Altered Drug Metabolism:
• Induction of Hepatic Microsomal Enzymes:
Certain drugs, e.g. barbiturates,
alcohol, phenylbutazone, and some anticonvulsants are potent inducers of
hepatic microsomal enzymes. The simultaneous use of these drugs with any other
drug, which is normally metabolized by
this route, will result in increased metabolism or clearance of the latter with
reduced therapeutic efficacy if the parent compound is the effect mediator but
possibly increased if the effect is due to a metabolite. For example, the interaction
of barbiturates with warfarin results in decreased anticoagulant effect.
Interaction of tolbutamide with alcohol/ phenytoin/ rifampicillin results in decreased
hypoglycemic effect.
• Inhibition of Hepatic Microsomal Enzymes:
Some drugs inhibit the activity of microsomal enzymes and so the metabolism of
other drugs. For example, allopurinol, a
potent inhibitor of xanthine oxidase, reduces the metabolic or clearance rate
of 6- mercaptopurine which may cause
bone marrow depression if the dose of the latter is not reduced.
Altered Drug Excretion:
• Competition for Active Tubular Secretion:
Active tubular secretion of many drugs occurs in the proximal limb of the loop
of Henle. If two drugs, which are normally secreted in this way, are
co-administered in large doses, competition may lead to an interaction whereby
greater-than-expected amounts of one or the other are retained in the body. For
example, interaction occurs between probenecid and penicillin in which
probenecid is used to prolong the action of penicillin.
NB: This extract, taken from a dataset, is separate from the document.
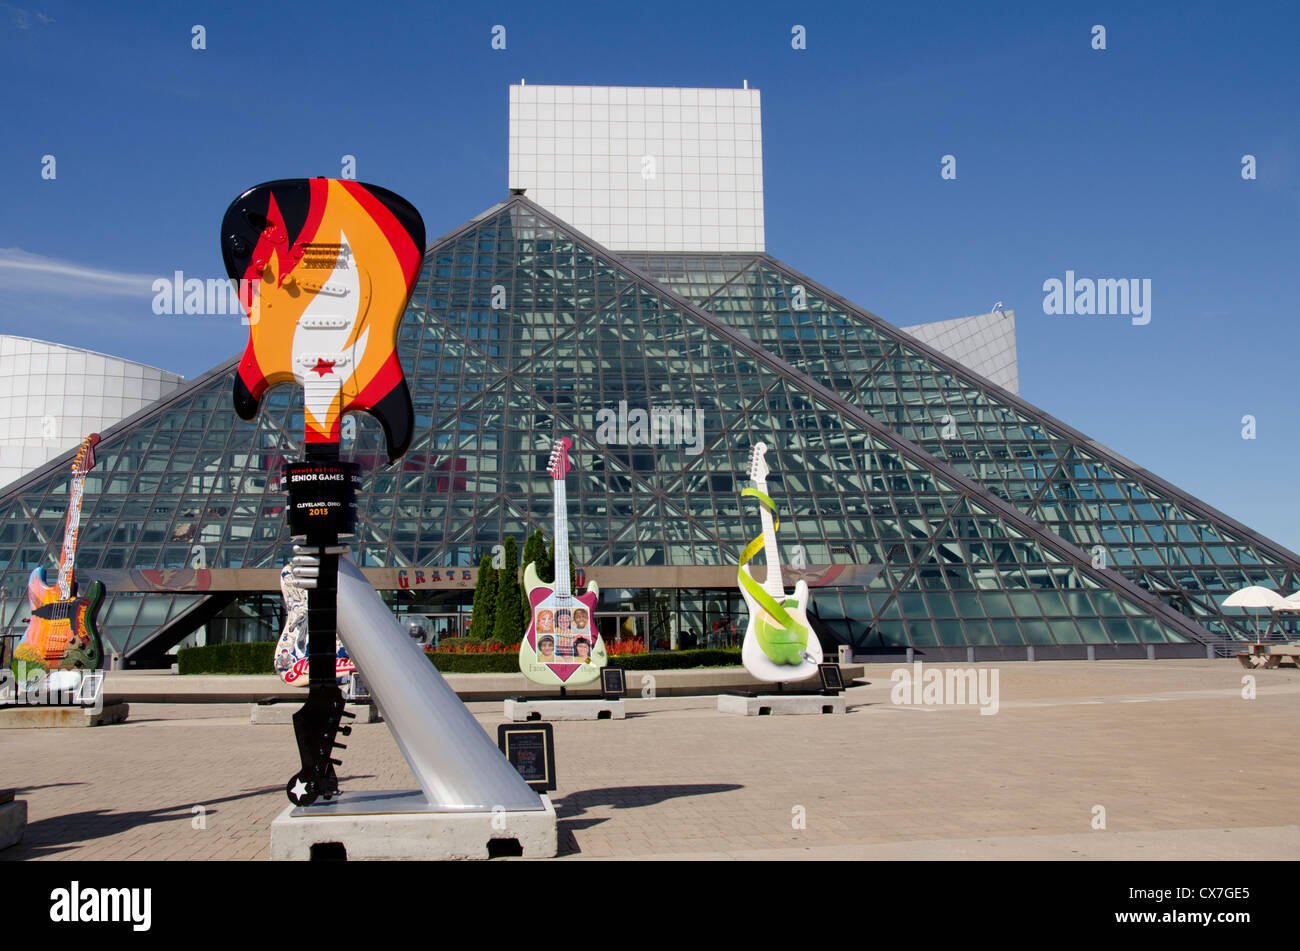 Ohio-Cleveland-Rock-and-Roll-Hall-of-Fam
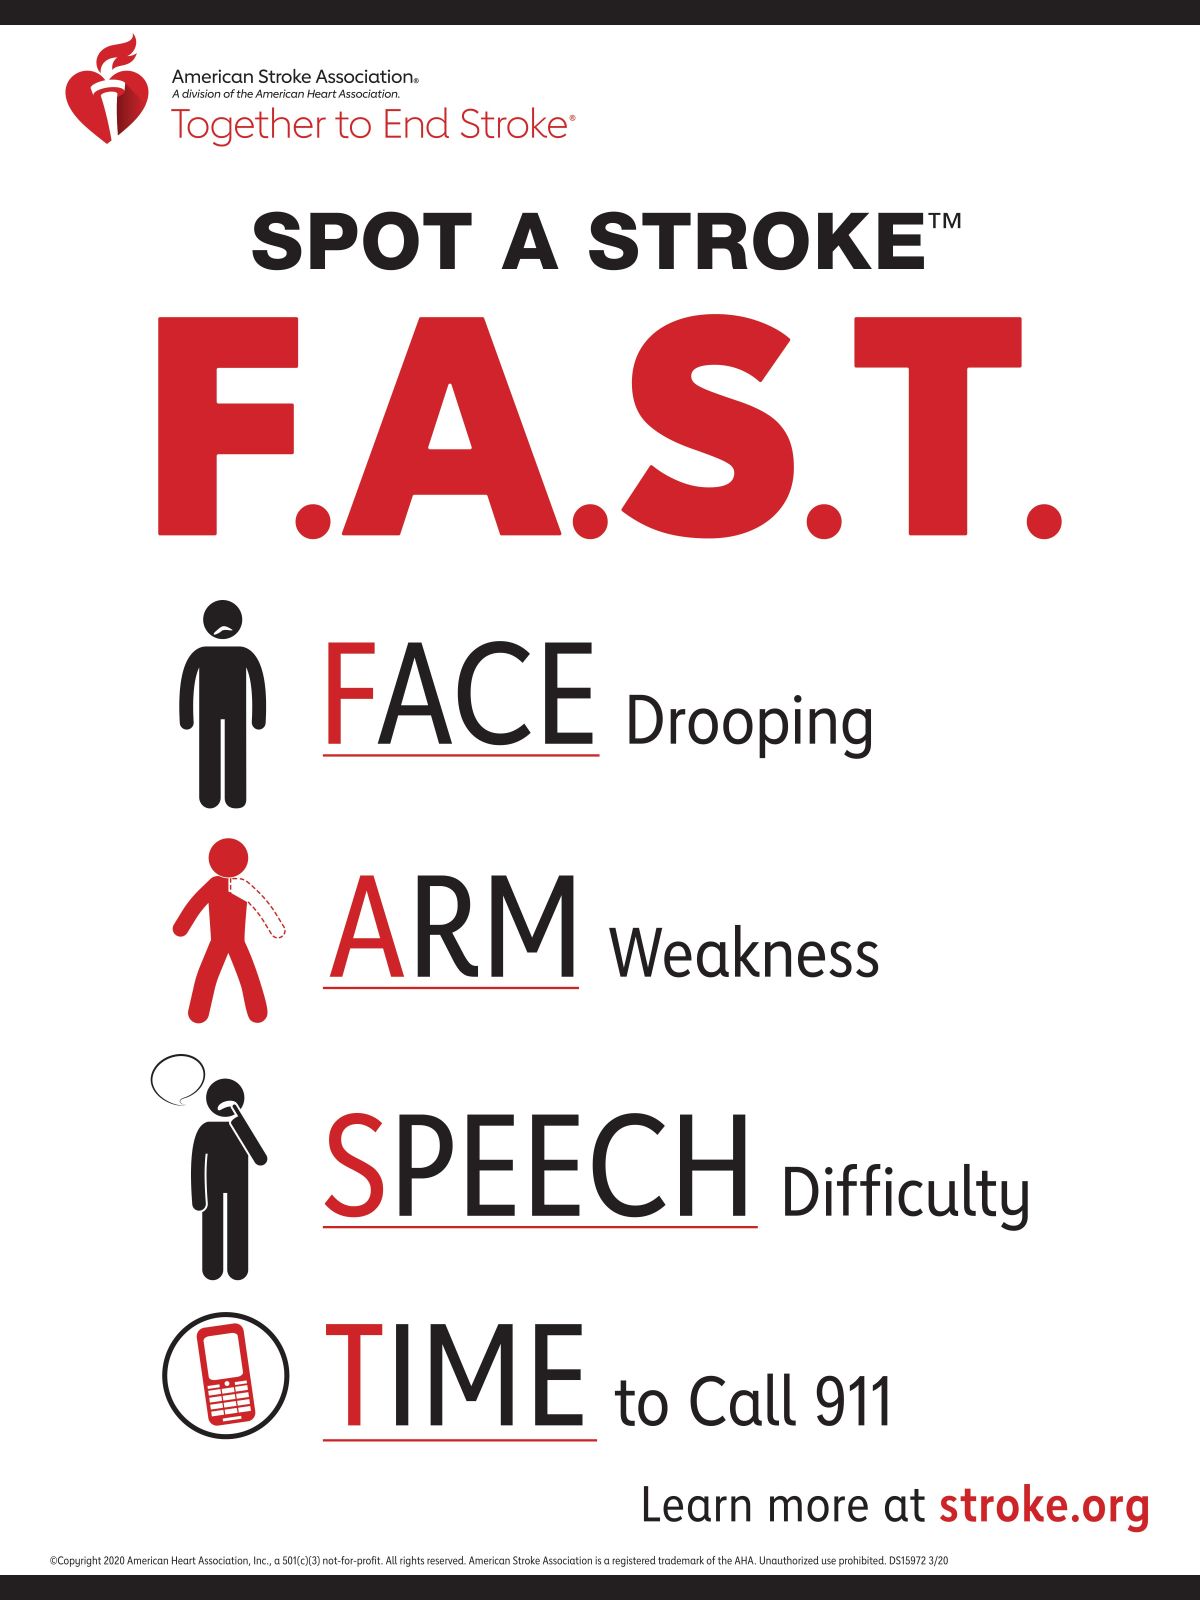 Spot a stroke. F.A.S.T - Face Drooping, Arm Weakness, Speech Difficulty, Time to Call 911

• Change in Urine pH: Reabsorption of the drug
is decreased in the renal tubule by changing the pH of urine. It is most likely
encouraged, for example, in salicylate or phenobarbitone poisoning where
alkalization of the urine will increase elimination of these drugs, are used to
increase elimination of these drugs. Similarly, pressure acidifiers, e.g.
ascorbic acid and ammonium chloride, are used to increase the elimination rate
of amphetamine, fenfluramine, and quinidine.
Pharmacodynamic Drug Interaction
• Drugs Having Similar Pharmacological Effect:
A patient receiving hypnotics may develop an allergic skin reaction and for
this, he receives an antihistamine which itself has a central nervous system
depressing effect. The combined effects may be sufficient to produce serious
sedation which cannot be obtained from either of these drugs. A similar effect is observed with the use of
hypnotics and alcohol (increased CNS
depression), narcotic analgesics and tranquilizers (increased CNS
depression), digoxin and quinidine (bradycardia), β-receptor stimulants, and
theophylline.
• Drugs Having Opposite Pharmacological Effect:
When a patient is receiving pilocarpine (cholinergic drug) for glaucoma (eye
disease) and at the same time for abdominal pain may be prescribed with an
anticholinergic drug, then interocular pressure may be altered by the
anticholinergic drug.
• Change in Electrolytic and Fluid Balance:
Drugs, e.g. diuretics, that cause potassium depletion may potentiate the effect
of digitalis and non-polarizing muscle relaxant but antagonize the effect of
lignocaine, quinidine, and procainamide.